Flood susceptibility mapping – the process of identifying potential flood-prone areas based on their physical characteristics – is a valuable technique used to identify areas that are vulnerable to flooding and inform risk mitigation and protection strategies. Unfortunately, conventional FSM methods rely on time-consuming physical and mathematical models that are also limited in their ability to predict flood risk across large regions.

Rahma Khalid
Rahma Khalid

“We have seen that physical and mathematical models can be very inconvenient for flood susceptibility mapping, especially when it comes to analyzing large areas,” says Khalid. “From a research perspective, we know that using machine learning can improve the speed and efficiency of different processes. This is why we proposed a flood susceptibility mapping model that is leveraged by machine learning for more accurate, rapid and reliable results.”

In their paper, titled “Flood susceptibility mapping using ANNs: a case study in model generalization and accuracy from Ontario, Canada,” Khalid and Khan document how they put their idea to the test and utilized an ML model to map out different regions in southern Ontario and determine their flood susceptibility.

Usman Khan
Usman Khan

They did so by using previously gathered data from different regions across southern Ontario, allowing the model to interpret, identify and predict areas that are at risk of flooding.

The model’s performance was also compared against conventional physical and mathematical models, as well as various emerging ML methods.

“When it comes to flood susceptibility mapping in real-world scenarios, machine learning models have not really been used,” says Khalid. “Industry members are also hesitant to apply these models because there is very little information about their accuracy and reliability.”

Khalid and Khan’s proposed model addressed limitations of other FSM models through training and testing that proved it to be a superior method for flood susceptibility mapping, outperforming other models.

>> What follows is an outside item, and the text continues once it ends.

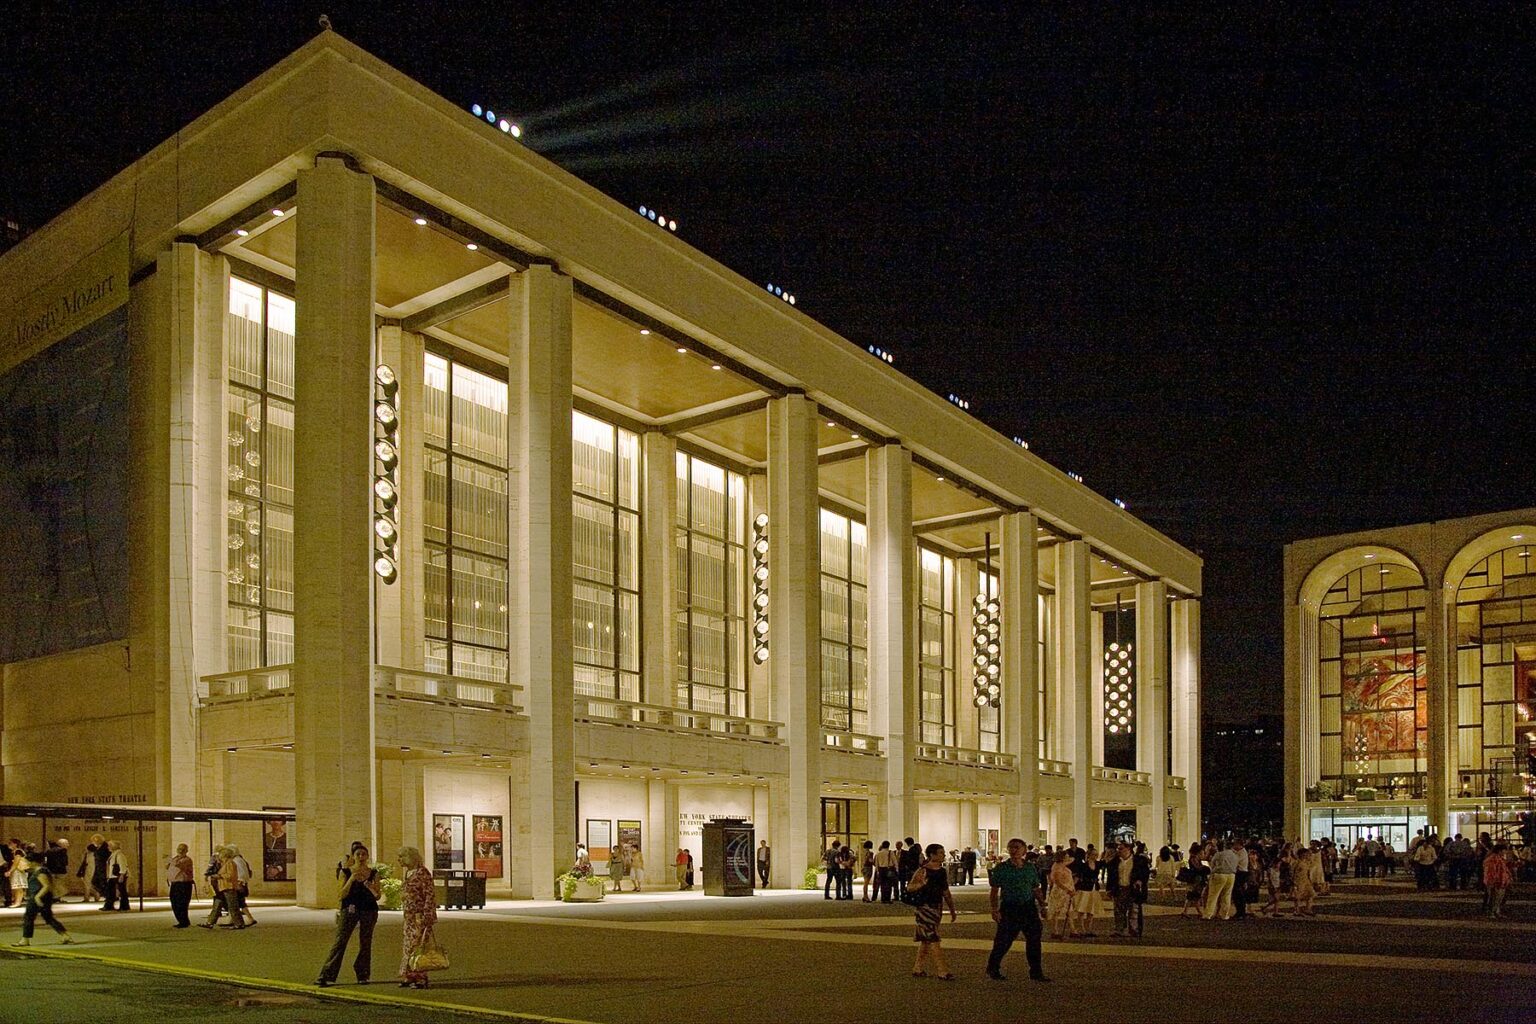 The COURTYARD and MAIN HALL of LINCOLN CENTER at night - NEW YORK CITY

It even demonstrated novel capabilities that can help advance the future of flood risk management.

“Our model demonstrated a novel ability to accurately predict flood susceptibility, even across areas that we did not provide training data for,” says Khalid. “Knowing this, we can work towards training our model to understand more about different regions and further improve its ability to predict flood susceptibility in larger areas.”

Currently, Khalid and Khan are working on enhancing the performance of their model with a particular focus on improving data resolution, as well exploring the possibility of supplementing their model with additional ML methods.